Geometry and Stability of Supervised Learning Problems

Facundo Mémoli,Brantley Vose,Robert C. Williamson
2024-03-04
Abstract:We introduce a notion of distance between supervised learning problems, which we call the Risk distance. This optimal-transport-inspired distance facilitates stability results; one can quantify how seriously issues like sampling bias, noise, limited data, and approximations might change a given problem by bounding how much these modifications can move the problem under the Risk distance. With the distance established, we explore the geometry of the resulting space of supervised learning problems, providing explicit geodesics and proving that the set of classification problems is dense in a larger class of problems. We also provide two variants of the Risk distance: one that incorporates specified weights on a problem's predictors, and one that is more sensitive to the contours of a problem's risk landscape.
Machine Learning,Metric Geometry
What problem does this paper attempt to address?
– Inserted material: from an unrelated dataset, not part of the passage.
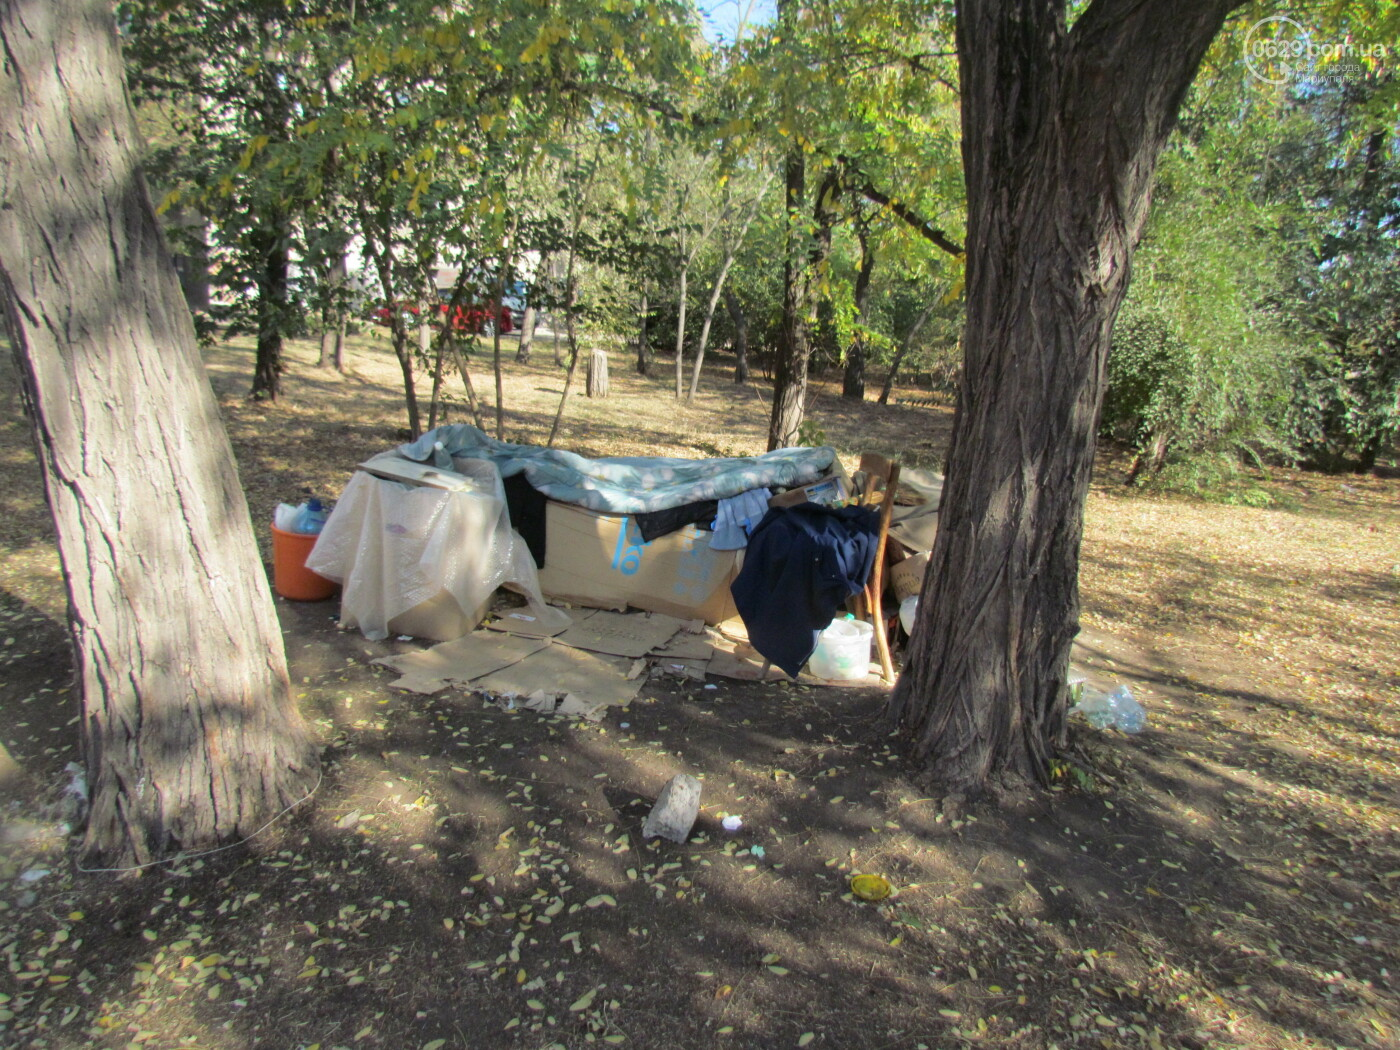 """Баба Роза"". Как жительница Киргизстана оказалась без дома и родни в Мариуполе, - ФОТО, фото-5"
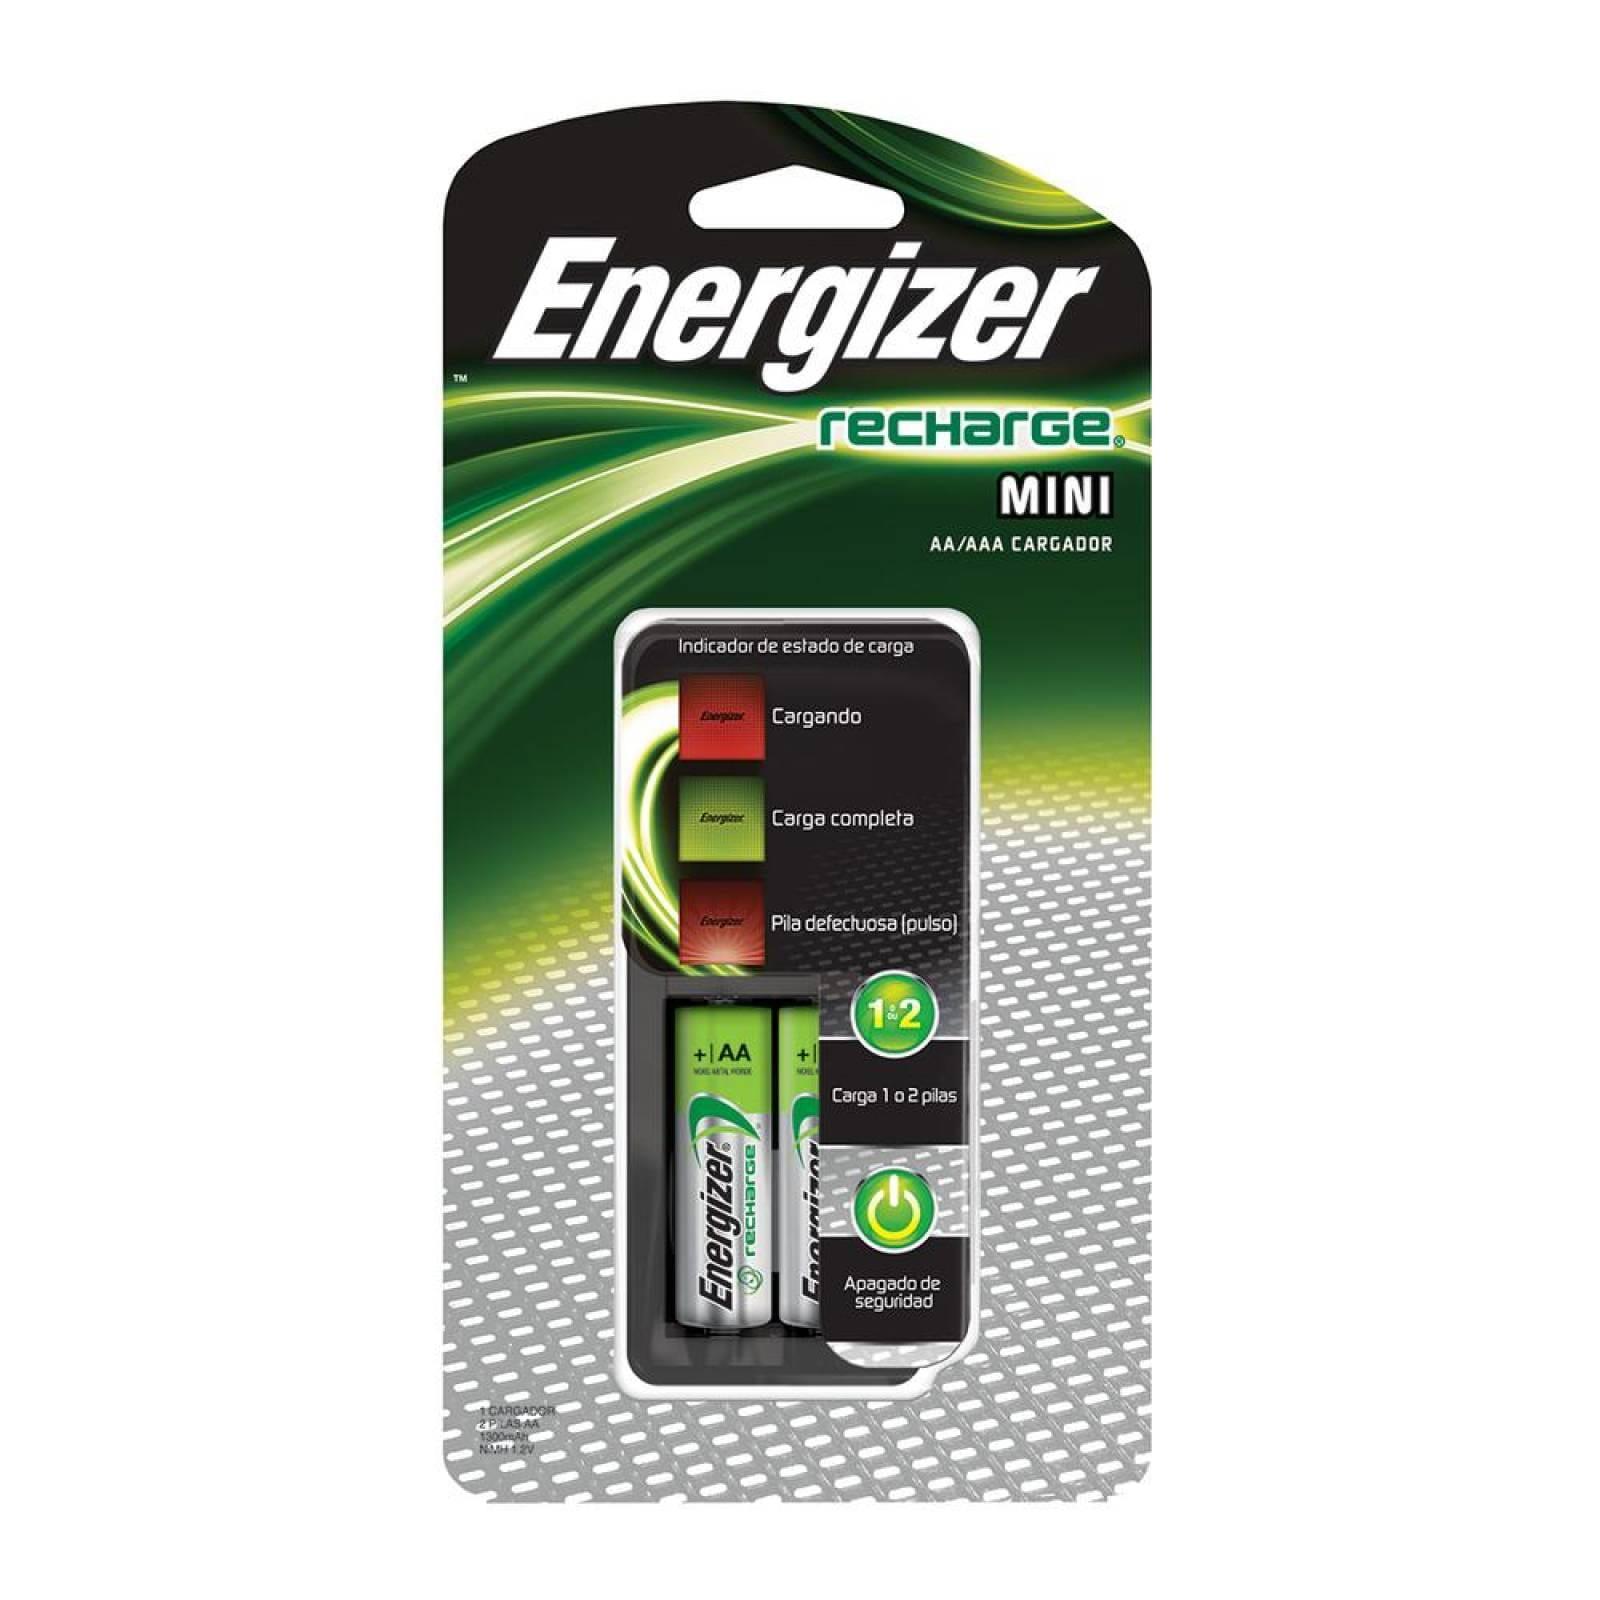 CARGADOR ENERGIZER MINI AAAAA C2 PILAS AA 2300MAH CH2PC4

The paper discusses the geometric stability and distance metrics of supervised learning problems. The authors introduce a new concept called "Risk distance," which is a distance inspired by optimal transport theory and is used to compare the similarity of two supervised learning problems. This distance metric allows the quantification of the impact of noise, bias, limited data, and approximation methods on the problem during the data collection process. In the paper, a supervised learning problem is defined as a quintuple, including the input space, response space, joint probability distribution, loss function, and predictor set. The study investigates how the variation of individual or multiple components through Risk distance measures affects the overall characteristics of the problem, thereby addressing two main questions: 1. To what extent does a compromise (such as noise or data skew) change the problem and its descriptive features? 2. What effect does the combination of multiple compromises have? Can a series of small changes be guaranteed not to have a significant impact on the problem to be solved? Risk distance is constructed based on optimal transport theory and is similar to Gromov-Wasserstein distance, providing a geometric interpretation of the distance between problems. The paper also discusses the impact of modifications to the loss function, predictor set, input and response spaces on the stability of learning problems, and proves the stability of certain descriptors (such as restricted Bayesian risk) under Risk distance. In addition, the author studies the geometric properties of the problem space under Risk distance, such as optimal coupling and correlation, as well as the density of classification problems in this space. Finally, the paper proposes two variants of Risk distance, one considering predictor weights and the other being more sensitive to risk landscapes. Overall, this paper provides a comprehensive framework to quantify and understand how various compromises encountered in practical machine learning affect the stability and geometric structure of supervised learning problems.